Dude I seriously doubt any credible business is accepting cryptocoins with the intention of holding them as an investment. You are missing the bigger point here. They can accept crypto and save HUGE on transaction fees. A lot of businesses pay a few % of the transaction toward visa/mc/amex etc when a customer uses a credit card. With crypto, they could pay almost nothing (just what it costs them to exchange the currency to fiat, which should be a lot less than their credit card fees.) Also they can potentially increase their sales by accepting any additional payment method...that is why businesses take credit cards, food stamps, etc rather than only accepting cash.
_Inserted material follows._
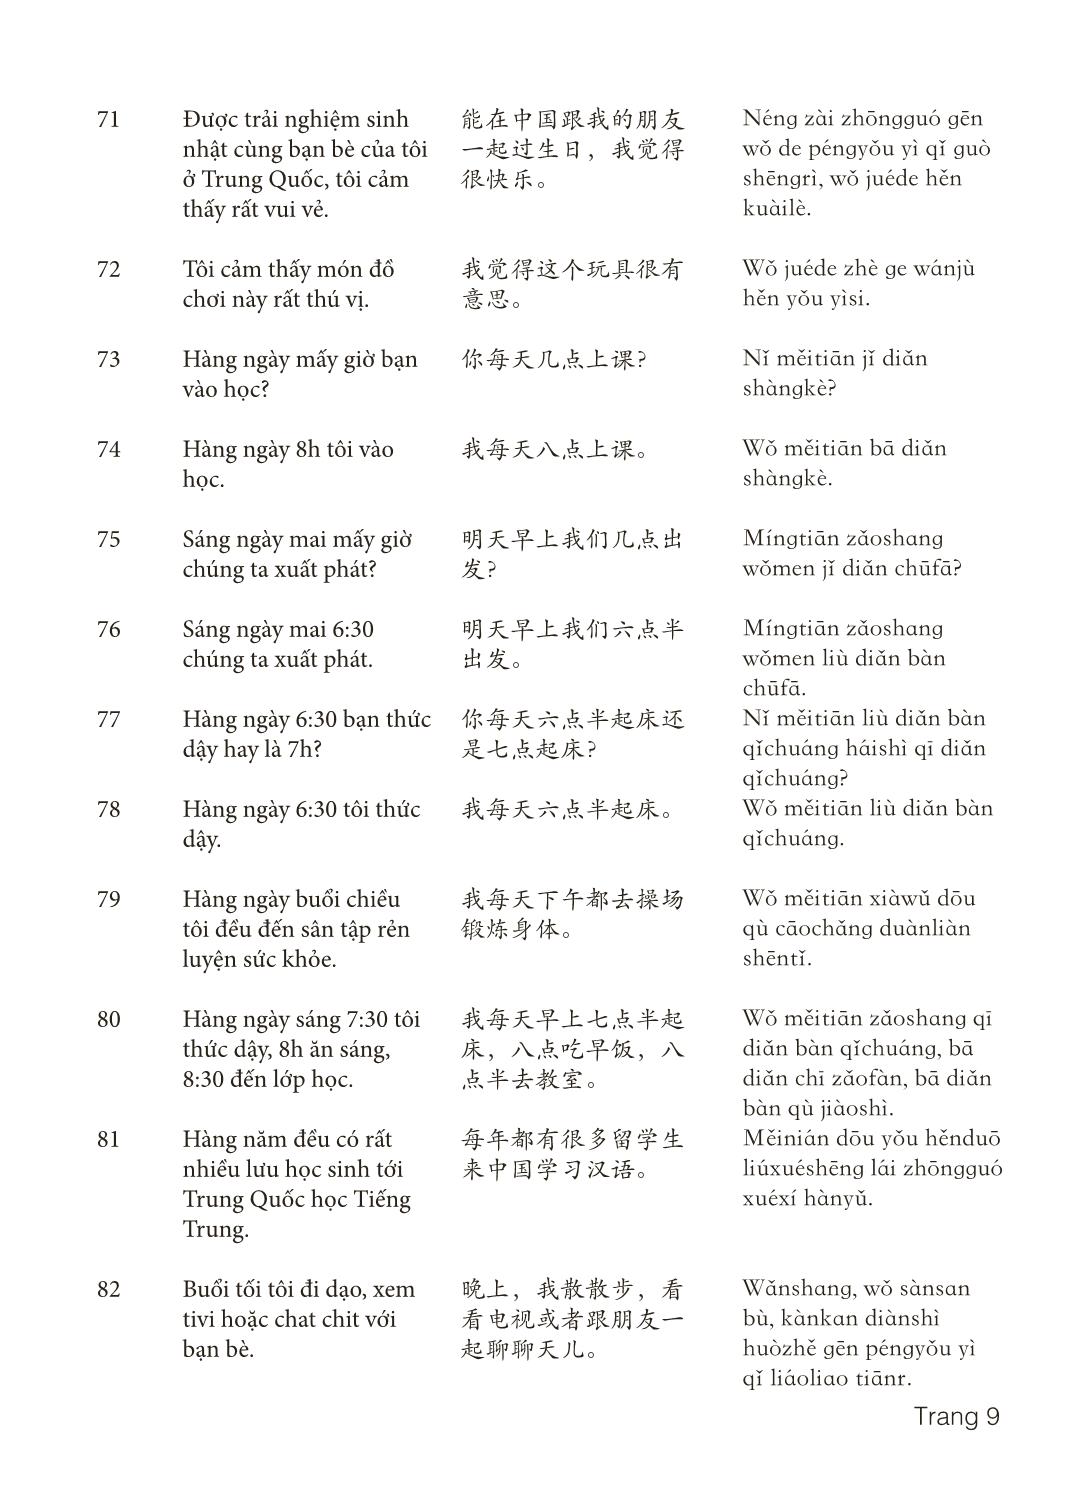 3000 Câu đàm thoại tiếng Hoa - Phần 5 trang 9

At least in the US the power I see in this is not transaction fees. With it still being federally illegal and the standpoint possibly changing with the next president many people do not want transactions with known retailers on their records. They would prefer to deal in cash--which supports the idea of crypto. Going to an ATM before a shop is not an out of the way transaction. This is a risk to the seller as they have not only product to be taken, but large amounts of cash(say in a coordinated robbery). But with that cash you are considering crypto fees vs no fees as well.
The other side of that is, these are budding businesses, just opening with huge investments that are nowhere near paid off. To take something that could plummet in value tomorrow is dangerous. Also, the volume is not moving greatly because it has not been adopted widely. Even $1,000(30,000 coins-ish) worth a day would be a risk--and an expense in the terms of the time of having someone monitor markets and making sure you could drop it for what you charged. If I was doing 20-30k a day, I wouldn't dare take half of that in coins I might not be able to sell unless I was hoping for future gain (and mind you 30k a day is not profit, its revenue-there are employees, rent, utilities, production, transport, etc, to pay). The only way I would ever accept it when my future as a business was in question would be as a portion of profit only. By putting faith in the system, and being one of the first to take it, I would have to assume that it is viable, and my competitors have to eventually take it as well. Hence, investment. It would be a short sell, but still, if I would consider it worth the risk of accepting at all, it would mean I put some faith behind it. Faith in its adoption would mean I would want to consider how much I could take to ride out for a week or two, or more, without endangering my business.
It is also worth mentioning that I work with a single business that spends tens of thousands on transaction fees(on a corp level it would be tens of millions for our multi billion dollar corp) as a credit card merchant. As easy as it is to talk about, with crypto, you pay a trade fee, and then when you withdraw in fiat. Unless you take more risky low currency value measures, you also pay a fee to withdraw and in some cases another fee to take from the party you withdrew to, to your bank account. While you can find ways to do it to lower fees, its difficult in large volumes, and with a large daily revenue business you are talking about large sums of money are that are not easy to transfer through lesser exchanges with lower fees. I've been able to transfer out 1,000 without fees, and by other means I've seen 1,000 turn into 900 (a huge 10% between selling, transferring out of exchange and then transferring from that party to the bank). The grass is only partially greener. In a large business having someone handle this day to day while accounting for prices charged vs prices sold at and market fluctuations, you have to consider actually paying someone to do that. A whole different discussion is crypto developers streamlining that to make it not an accounting nightmare, but currently, there is a cost to that. You could argue that a wonderful program could be created to do that by the company--exploiting the best lines into fiat, profit vs flux, when to hold, when to sell, monitoring fraud, etc--but since it does not currently exist, the development costs alone for a multimillion dollar business would not offset the merchant fees.
So yes, as a business considering the value of accepting the coin outright vs a smart idea to increase my PROFIT some, there is a lot to consider. No business, starting with investors--whether their own money or others, is going to risk going red on revenue (or more red as many business do not make profit for years), to grab a few more customers(and yes, us cryptos are still a small minority in the world view of customers or even in the Colorado view of customers). To take a cut of profit and gamble that it becomes more profit is a risk a CEO and CFO can get behind. While you might not be thinking on a corp level, even small pot shops have people behind them trying to make money with business minds and in many cases educations. These are serious considerations.
In the long term you are completely right. In the short term, and getting people to start with it, I disagree. If you are considering countries that it is completely legitimate in, that is a completely different question. I was just suggesting an idea, that might get more people on board. Not trying to discredit the idea of it as a 100% pay currency. It is perfect for this emerging industry, but the implications are very different depending what country and economic impact you are considering. Selling the idea to Amsterdam with long established businesses vs Colorado with weeks to months old businesses are completely different playing fields. Both may be interested and stand to profit, but how you sell it to an invested party in different markets will make or break their interest. I want this to succeed, so yes, I submit an idea beyond 'possibly' saving on credit card fees for another path for the dev's to market toward potential businesses.